▶ _Your task_
All of the records below should be output exactly.

▶ _Source data_
☆ ☆ ☆ ☆
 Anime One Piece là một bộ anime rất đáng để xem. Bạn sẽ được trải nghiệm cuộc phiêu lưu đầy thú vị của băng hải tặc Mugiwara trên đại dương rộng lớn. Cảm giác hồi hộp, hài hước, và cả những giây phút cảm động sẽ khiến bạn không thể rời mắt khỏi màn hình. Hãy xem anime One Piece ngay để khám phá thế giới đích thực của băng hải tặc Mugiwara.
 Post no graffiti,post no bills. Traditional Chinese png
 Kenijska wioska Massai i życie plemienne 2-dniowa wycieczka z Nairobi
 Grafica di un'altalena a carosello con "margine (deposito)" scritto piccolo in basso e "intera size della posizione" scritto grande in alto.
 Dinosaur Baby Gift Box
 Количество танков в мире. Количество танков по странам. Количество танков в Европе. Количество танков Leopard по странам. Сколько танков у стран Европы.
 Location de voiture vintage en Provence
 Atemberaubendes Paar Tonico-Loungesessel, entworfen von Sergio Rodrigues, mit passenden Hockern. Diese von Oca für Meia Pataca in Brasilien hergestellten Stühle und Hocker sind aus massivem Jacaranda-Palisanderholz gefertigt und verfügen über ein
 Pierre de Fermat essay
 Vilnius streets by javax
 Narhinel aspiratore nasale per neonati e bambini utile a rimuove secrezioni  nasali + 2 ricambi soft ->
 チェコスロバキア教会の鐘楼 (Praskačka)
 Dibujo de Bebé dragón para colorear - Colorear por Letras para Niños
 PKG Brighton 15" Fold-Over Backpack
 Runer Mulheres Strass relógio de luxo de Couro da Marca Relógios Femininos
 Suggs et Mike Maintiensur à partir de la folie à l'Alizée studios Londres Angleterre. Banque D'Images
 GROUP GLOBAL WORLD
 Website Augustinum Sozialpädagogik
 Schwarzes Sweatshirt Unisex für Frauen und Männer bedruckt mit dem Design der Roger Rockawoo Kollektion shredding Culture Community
☆ ☆ ☆ ☆
▶ _Output for this exercise_
 Anime One Piece là một bộ anime rất đáng để xem. Bạn sẽ được trải nghiệm cuộc phiêu lưu đầy thú vị của băng hải tặc Mugiwara trên đại dương rộng lớn. Cảm giác hồi hộp, hài hước, và cả những giây phút cảm động sẽ khiến bạn không thể rời mắt khỏi màn hình. Hãy xem anime One Piece ngay để khám phá thế giới đích thực của băng hải tặc Mugiwara.
 Post no graffiti,post no bills. Traditional Chinese png
 Kenijska wioska Massai i życie plemienne 2-dniowa wycieczka z Nairobi
 Grafica di un'altalena a carosello con "margine (deposito)" scritto piccolo in basso e "intera size della posizione" scritto grande in alto.
 Dinosaur Baby Gift Box
 Количество танков в мире. Количество танков по странам. Количество танков в Европе. Количество танков Leopard по странам. Сколько танков у стран Европы.
 Location de voiture vintage en Provence
 Atemberaubendes Paar Tonico-Loungesessel, entworfen von Sergio Rodrigues, mit passenden Hockern. Diese von Oca für Meia Pataca in Brasilien hergestellten Stühle und Hocker sind aus massivem Jacaranda-Palisanderholz gefertigt und verfügen über ein
 Pierre de Fermat essay
 Vilnius streets by javax
 Narhinel aspiratore nasale per neonati e bambini utile a rimuove secrezioni  nasali + 2 ricambi soft ->
 チェコスロバキア教会の鐘楼 (Praskačka)
 Dibujo de Bebé dragón para colorear - Colorear por Letras para Niños
 PKG Brighton 15" Fold-Over Backpack
 Runer Mulheres Strass relógio de luxo de Couro da Marca Relógios Femininos
 Suggs et Mike Maintiensur à partir de la folie à l'Alizée studios Londres Angleterre. Banque D'Images
 GROUP GLOBAL WORLD
 Website Augustinum Sozialpädagogik
 Schwarzes Sweatshirt Unisex für Frauen und Männer bedruckt mit dem Design der Roger Rockawoo Kollektion shredding Culture Community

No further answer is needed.